INFORMATION SUPPLIED:
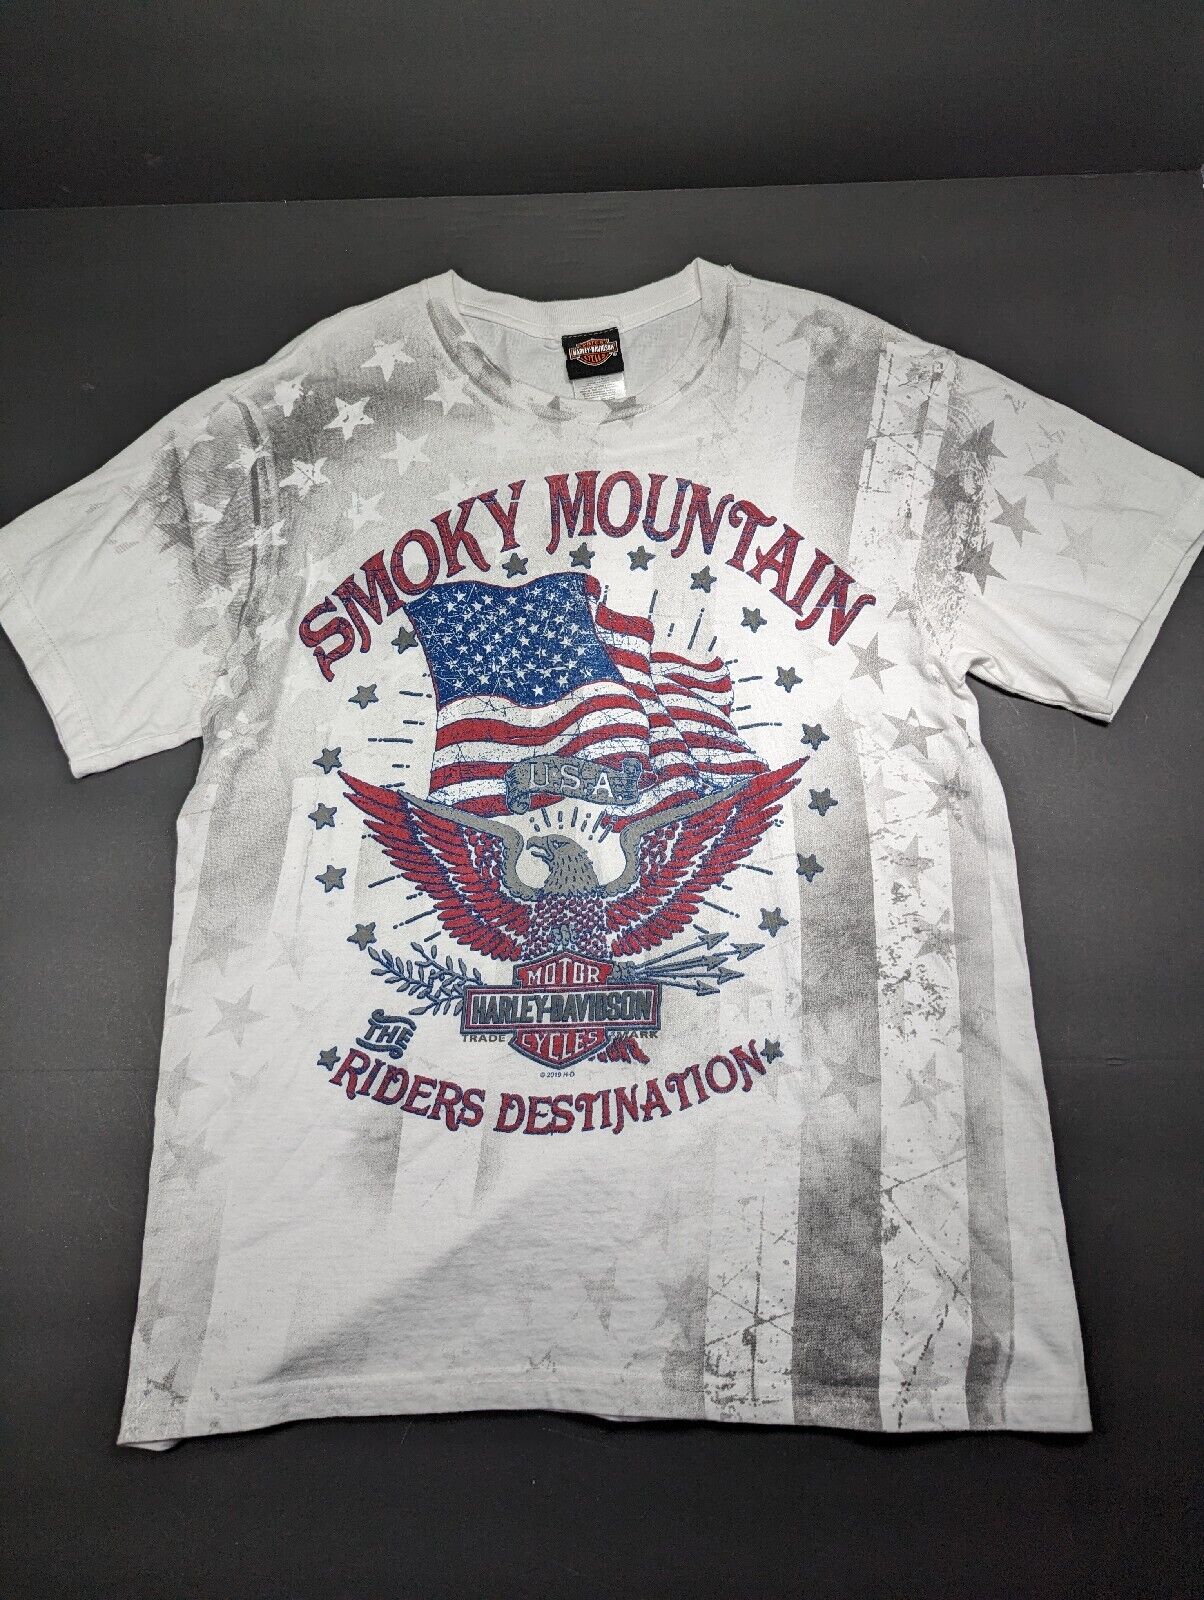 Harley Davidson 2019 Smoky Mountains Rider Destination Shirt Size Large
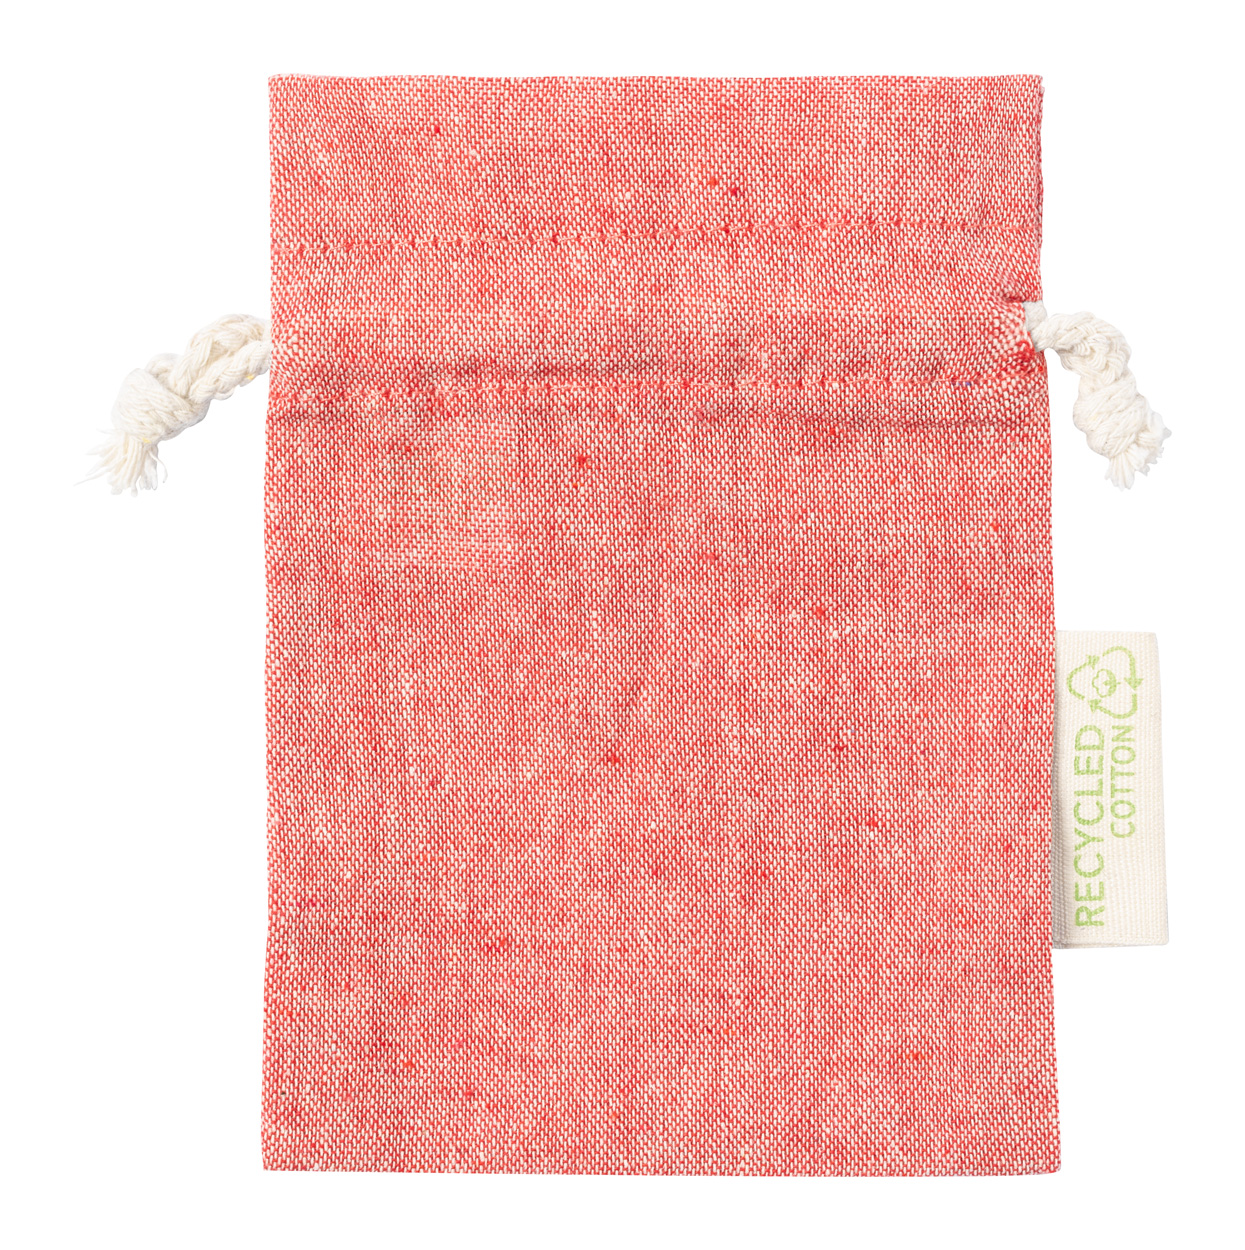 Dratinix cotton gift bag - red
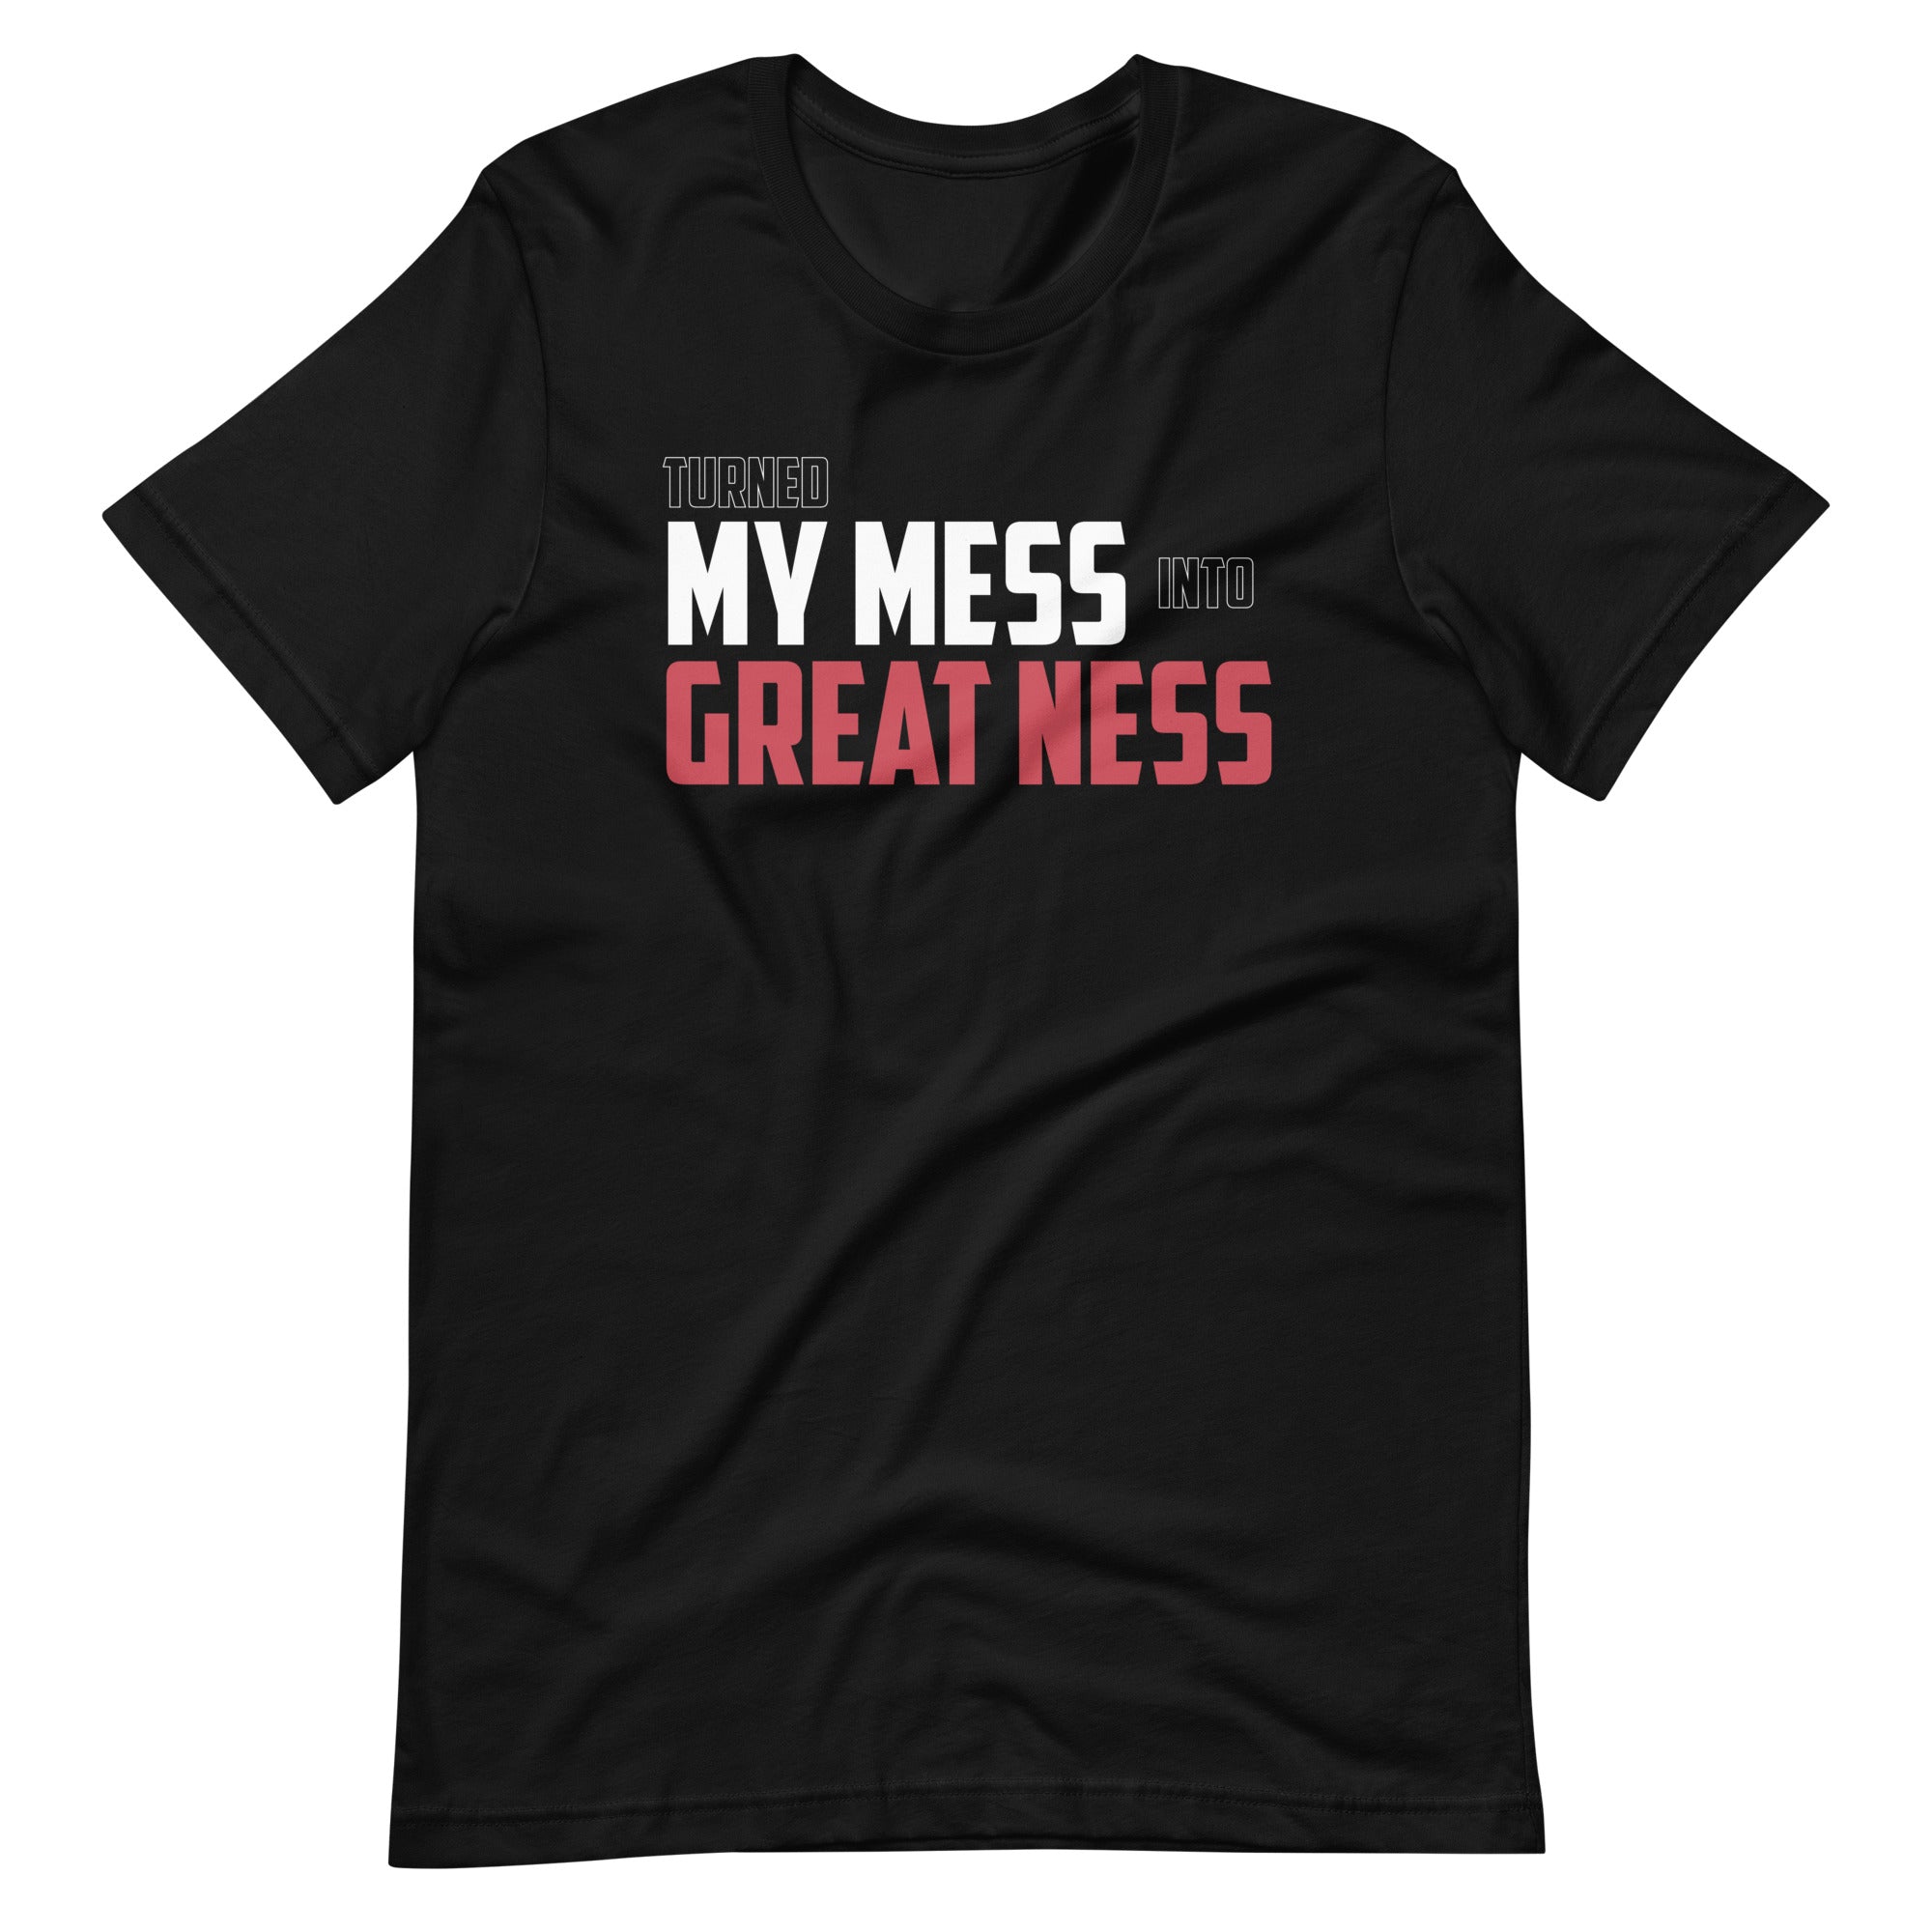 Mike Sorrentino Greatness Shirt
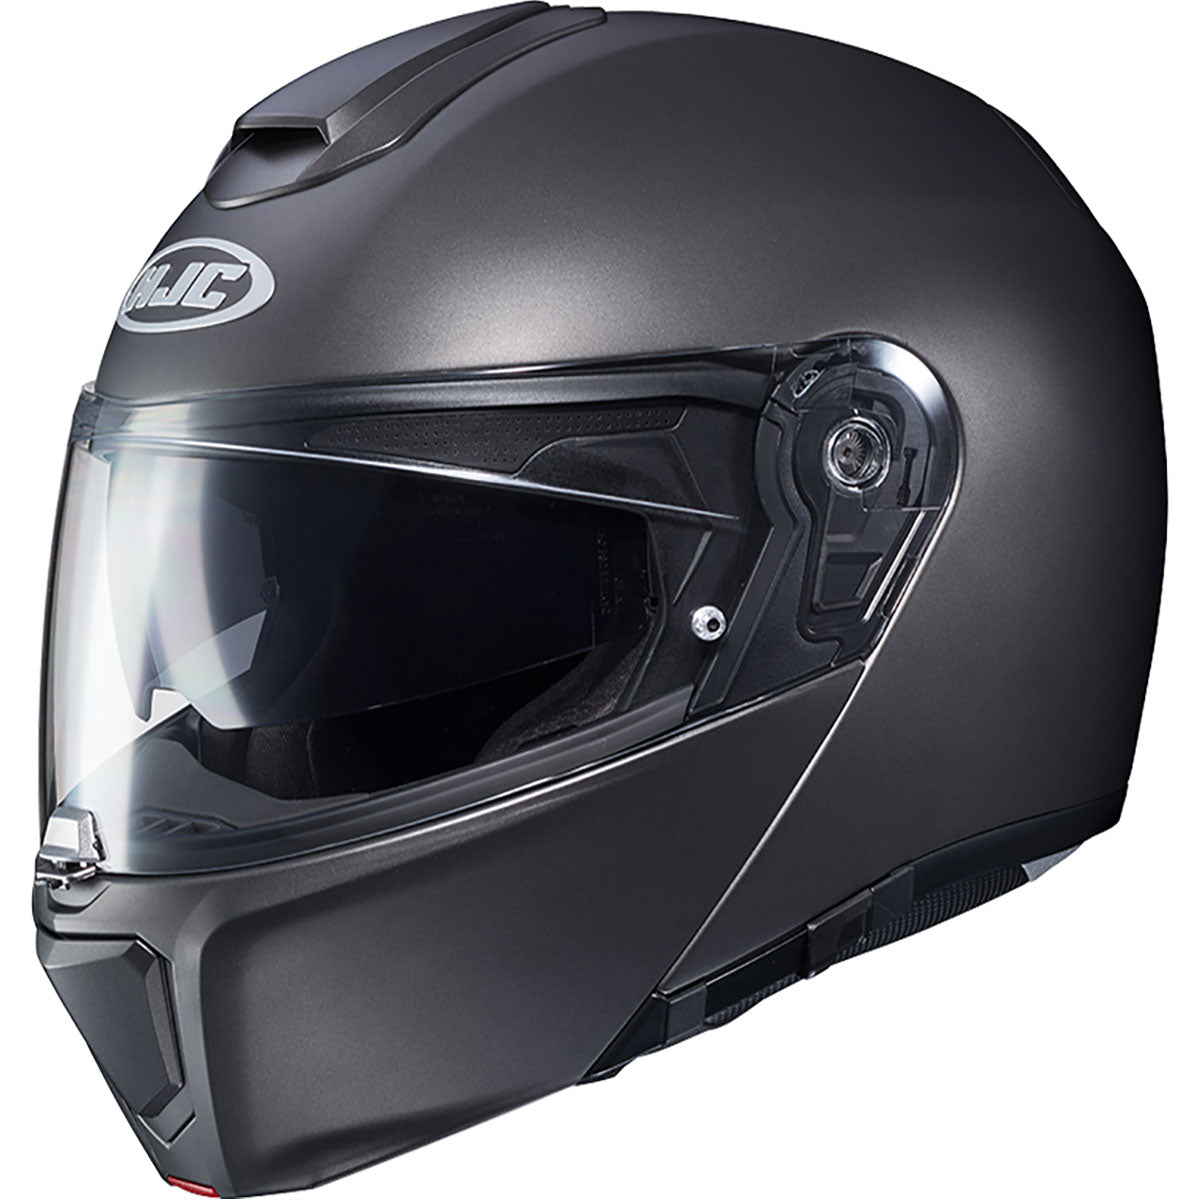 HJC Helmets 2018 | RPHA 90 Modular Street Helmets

WHAT IS BEING ASKED: Set the preceding data down again word for word, omitting images.

ANSWER TO THE EXERCISE:
 Harley Davidson 2019 Smoky Mountains Rider Destination Shirt Size Large
 Dratinix cotton gift bag - red
 Mike Sorrentino Greatness Shirt
 HJC Helmets 2018 | RPHA 90 Modular Street Helmets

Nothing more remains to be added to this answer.